What needs to be done: Return the listing below exactly, with the pictures dropped.

Dataset excerpt:
• • •

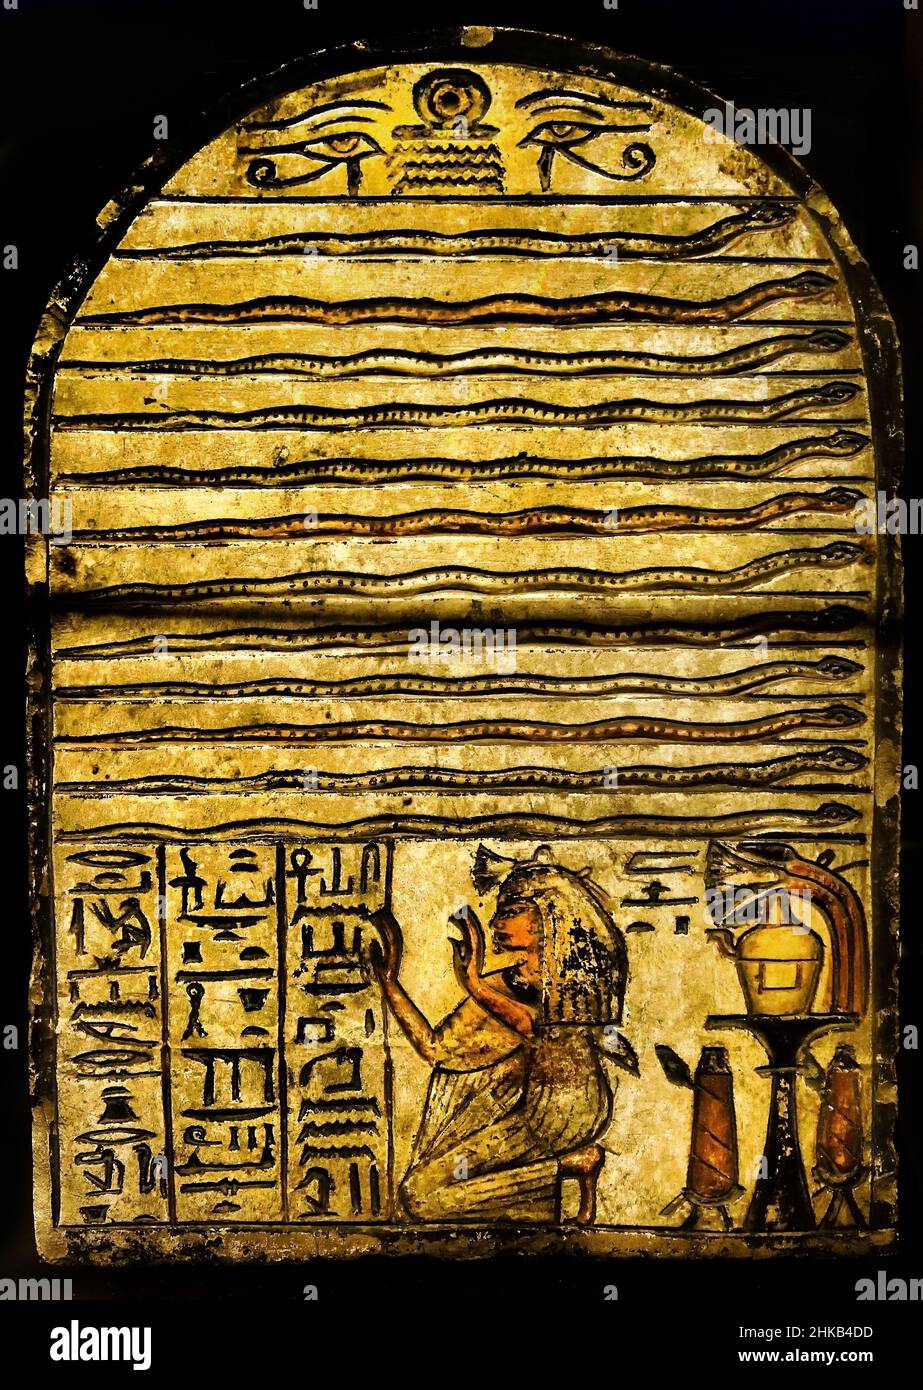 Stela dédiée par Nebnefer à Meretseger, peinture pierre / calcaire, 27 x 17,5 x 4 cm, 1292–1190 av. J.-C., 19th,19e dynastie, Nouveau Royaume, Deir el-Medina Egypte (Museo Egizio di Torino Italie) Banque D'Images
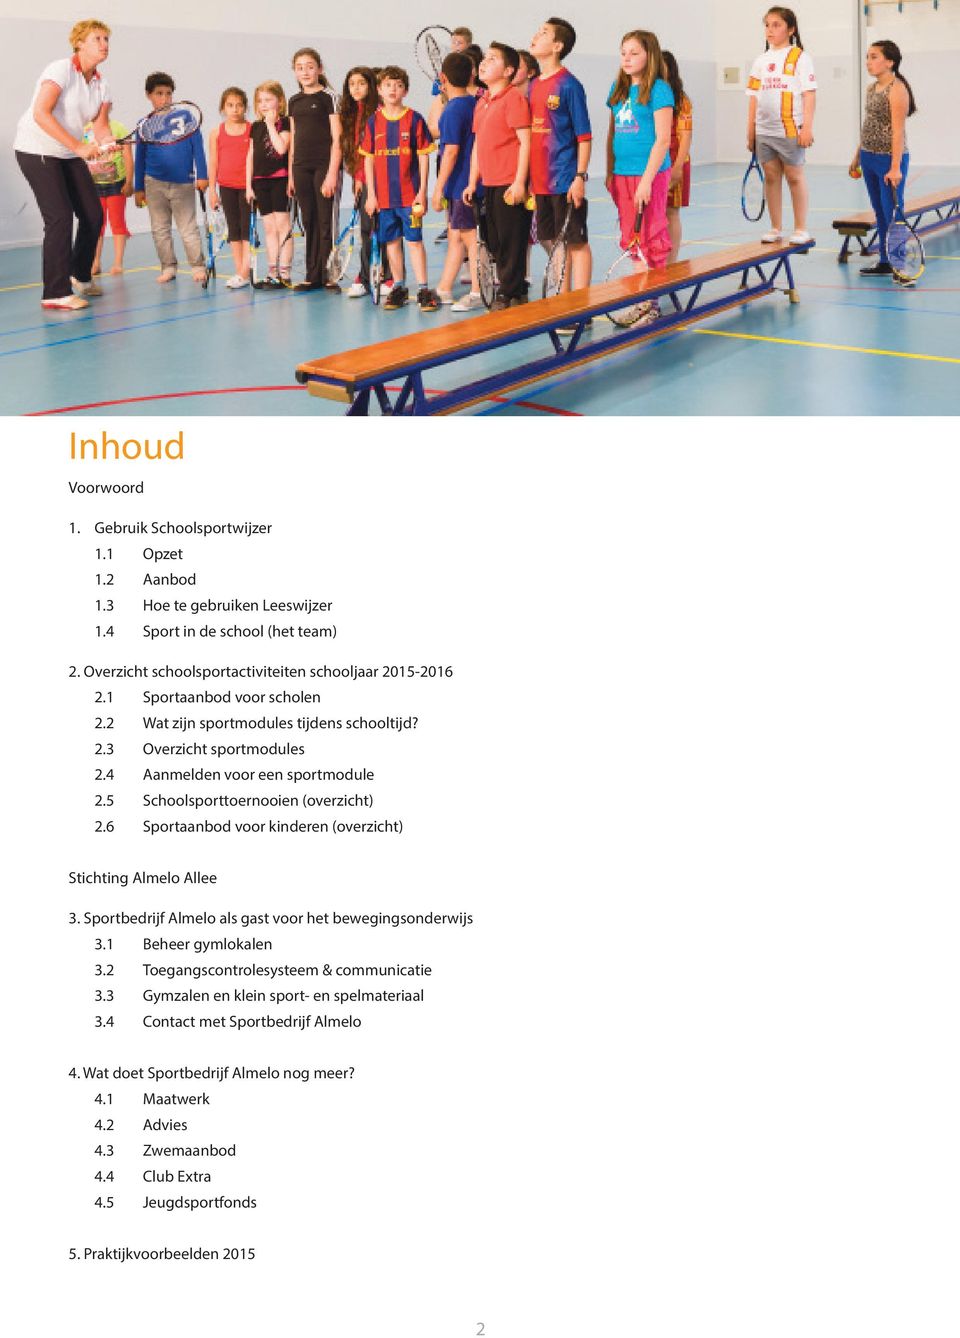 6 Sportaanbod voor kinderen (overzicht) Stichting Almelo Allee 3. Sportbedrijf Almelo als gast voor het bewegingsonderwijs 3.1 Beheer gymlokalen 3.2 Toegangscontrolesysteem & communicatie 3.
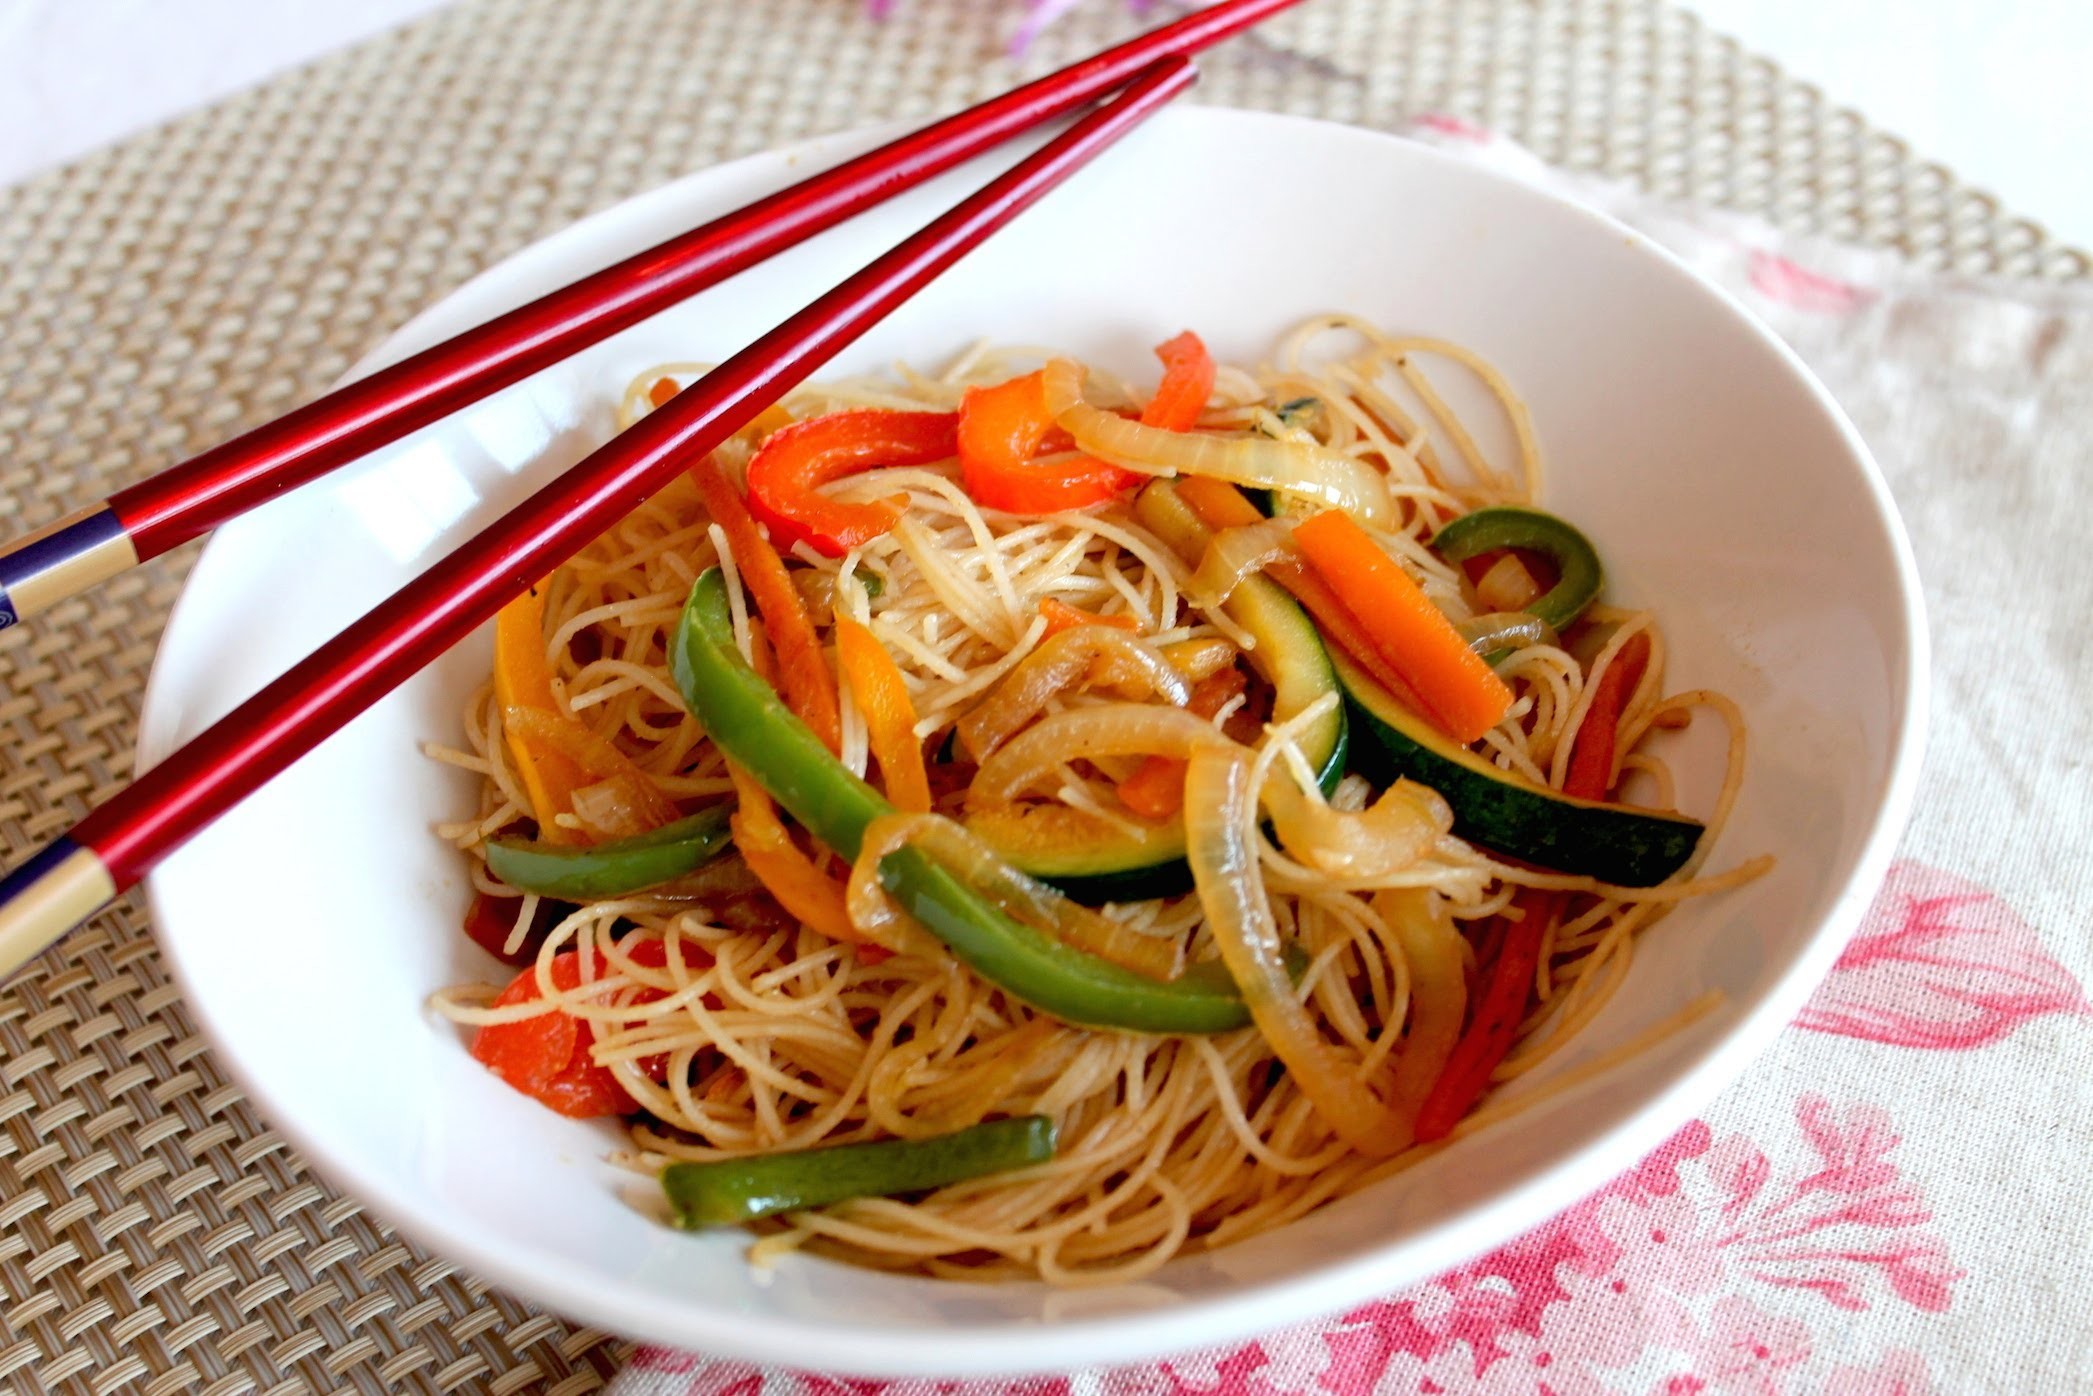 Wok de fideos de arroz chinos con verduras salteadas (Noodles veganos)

• • •

Task solution:
 Stela dédiée par Nebnefer à Meretseger, peinture pierre / calcaire, 27 x 17,5 x 4 cm, 1292–1190 av. J.-C., 19th,19e dynastie, Nouveau Royaume, Deir el-Medina Egypte (Museo Egizio di Torino Italie) Banque D'Images
 6 Sportaanbod voor kinderen (overzicht) Stichting Almelo Allee 3. Sportbedrijf Almelo als gast voor het bewegingsonderwijs 3.1 Beheer gymlokalen 3.2 Toegangscontrolesysteem & communicatie 3.
 Wok de fideos de arroz chinos con verduras salteadas (Noodles veganos)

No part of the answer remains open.